Can you transcribe the data exactly? Leave the pictures out.

Supplied information:
******************************

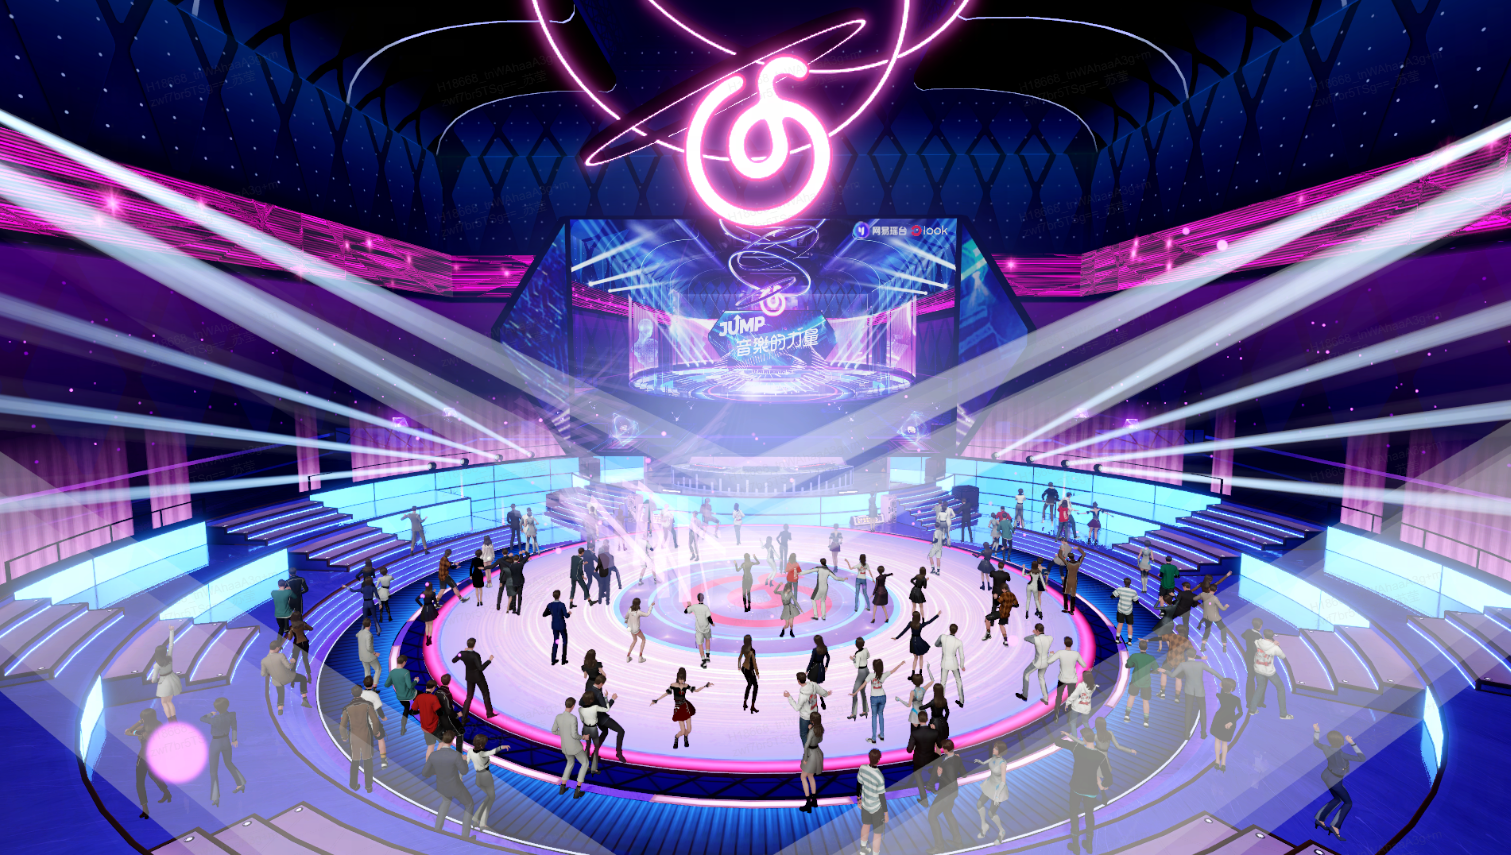 这是一张展示现代电子竞技场景的插画，中心是一个圆形舞台，观众围绕四周，场馆内灯光炫丽，气氛活跃。
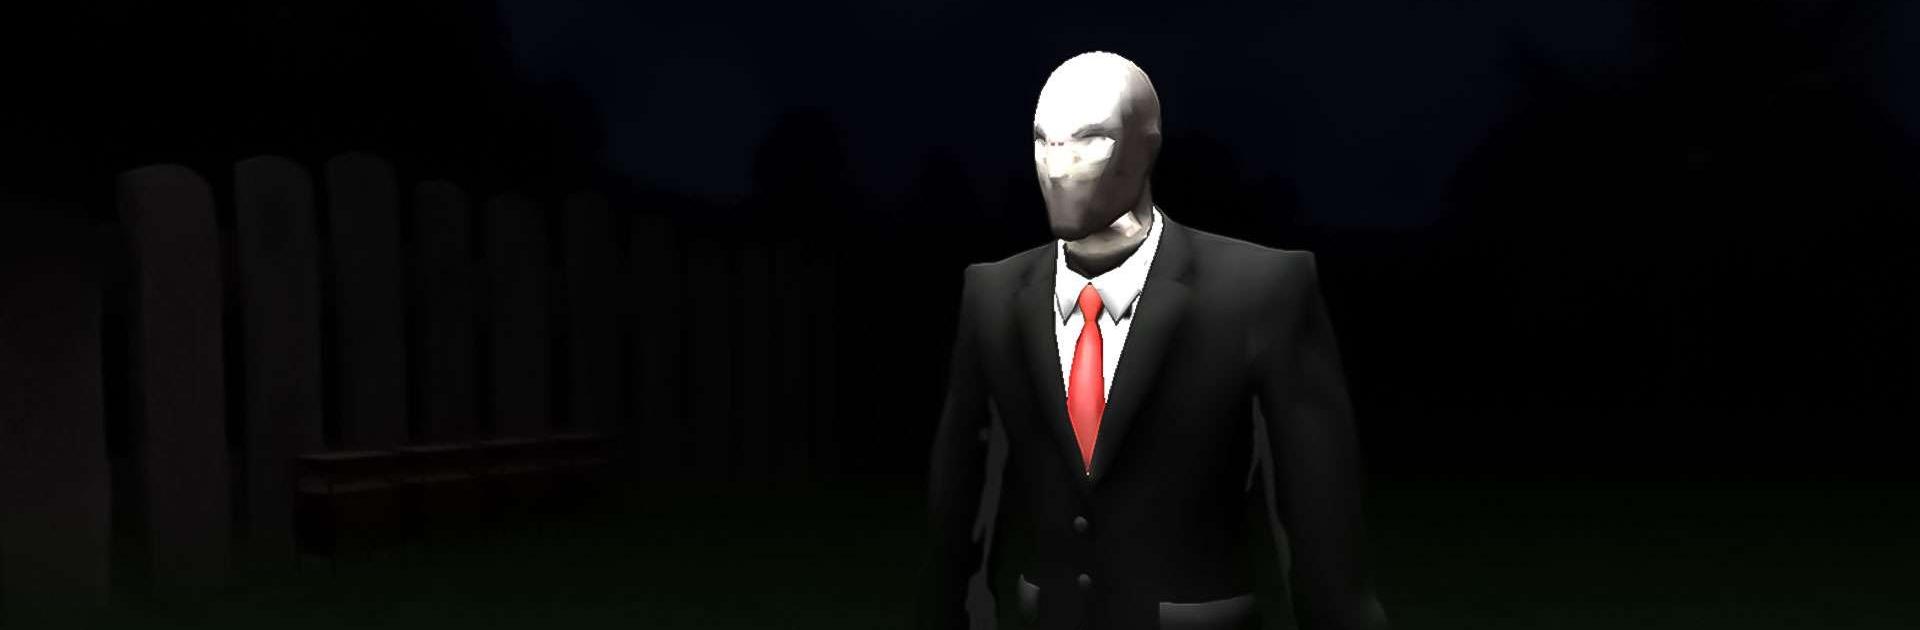 Scary Slender man 3D : Horror
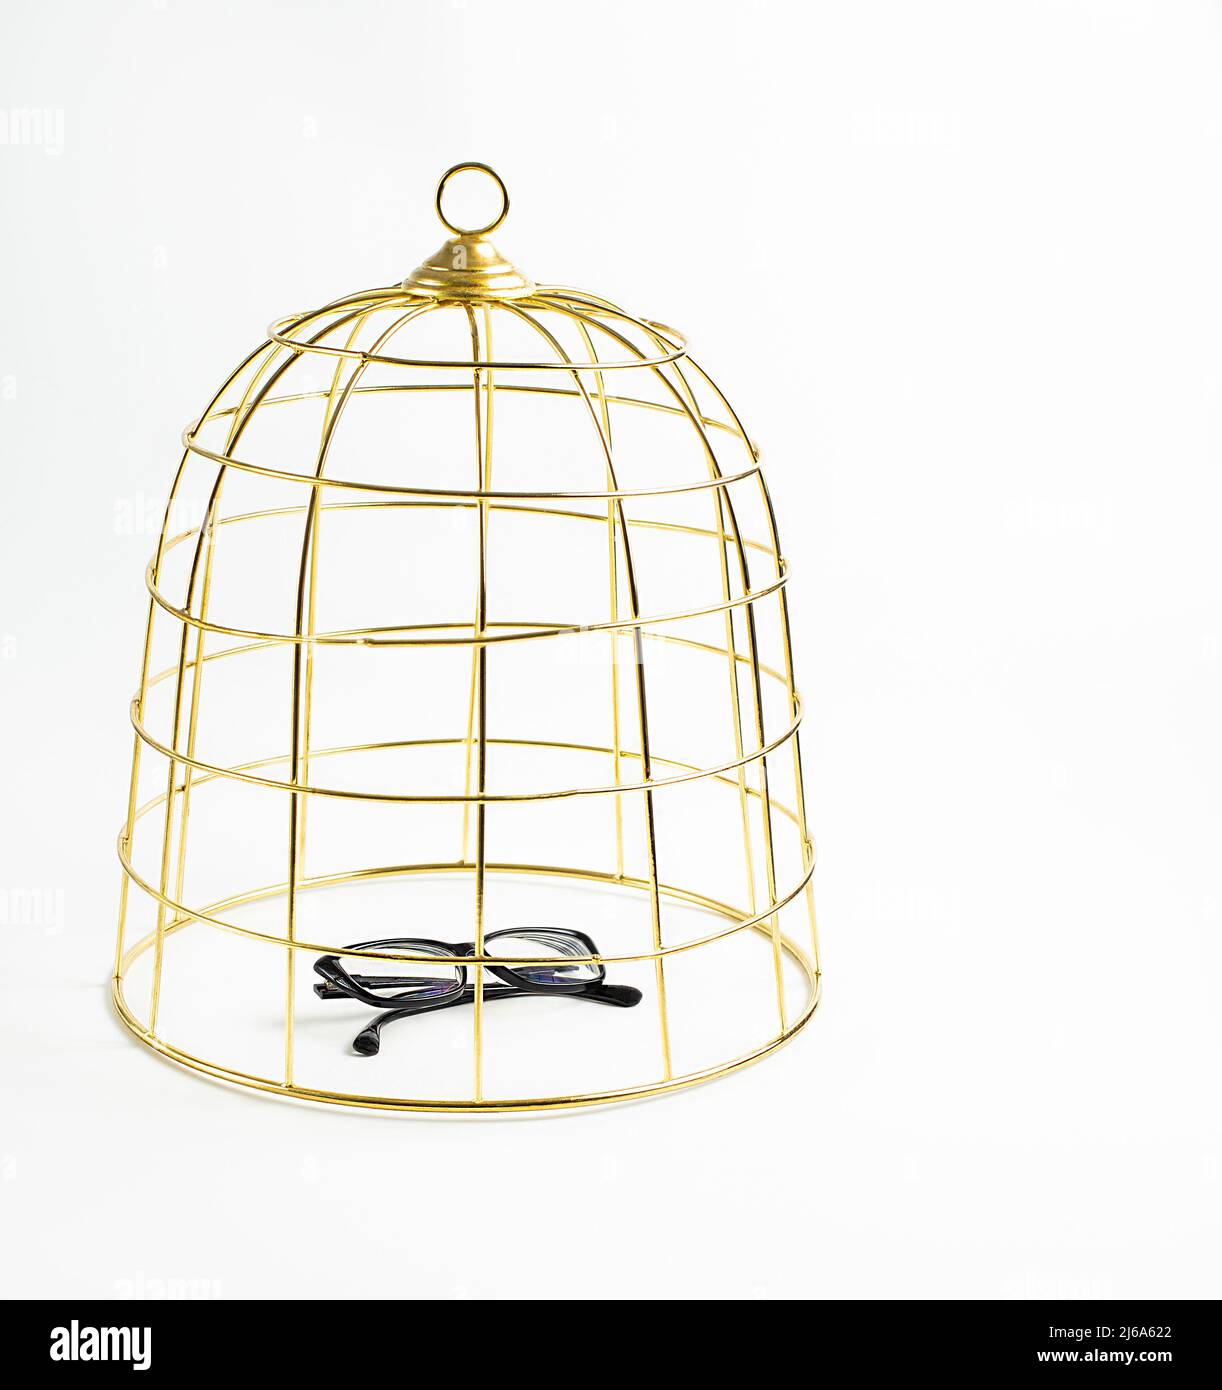 Großer goldener Vogelkäfig und schwarze Gläser auf weißem Hintergrund, Konzept, Stock Foto Stockfoto

******************************

Answer to this problem:
 这是一张展示现代电子竞技场景的插画，中心是一个圆形舞台，观众围绕四周，场馆内灯光炫丽，气氛活跃。
 Scary Slender man 3D : Horror
 Großer goldener Vogelkäfig und schwarze Gläser auf weißem Hintergrund, Konzept, Stock Foto Stockfoto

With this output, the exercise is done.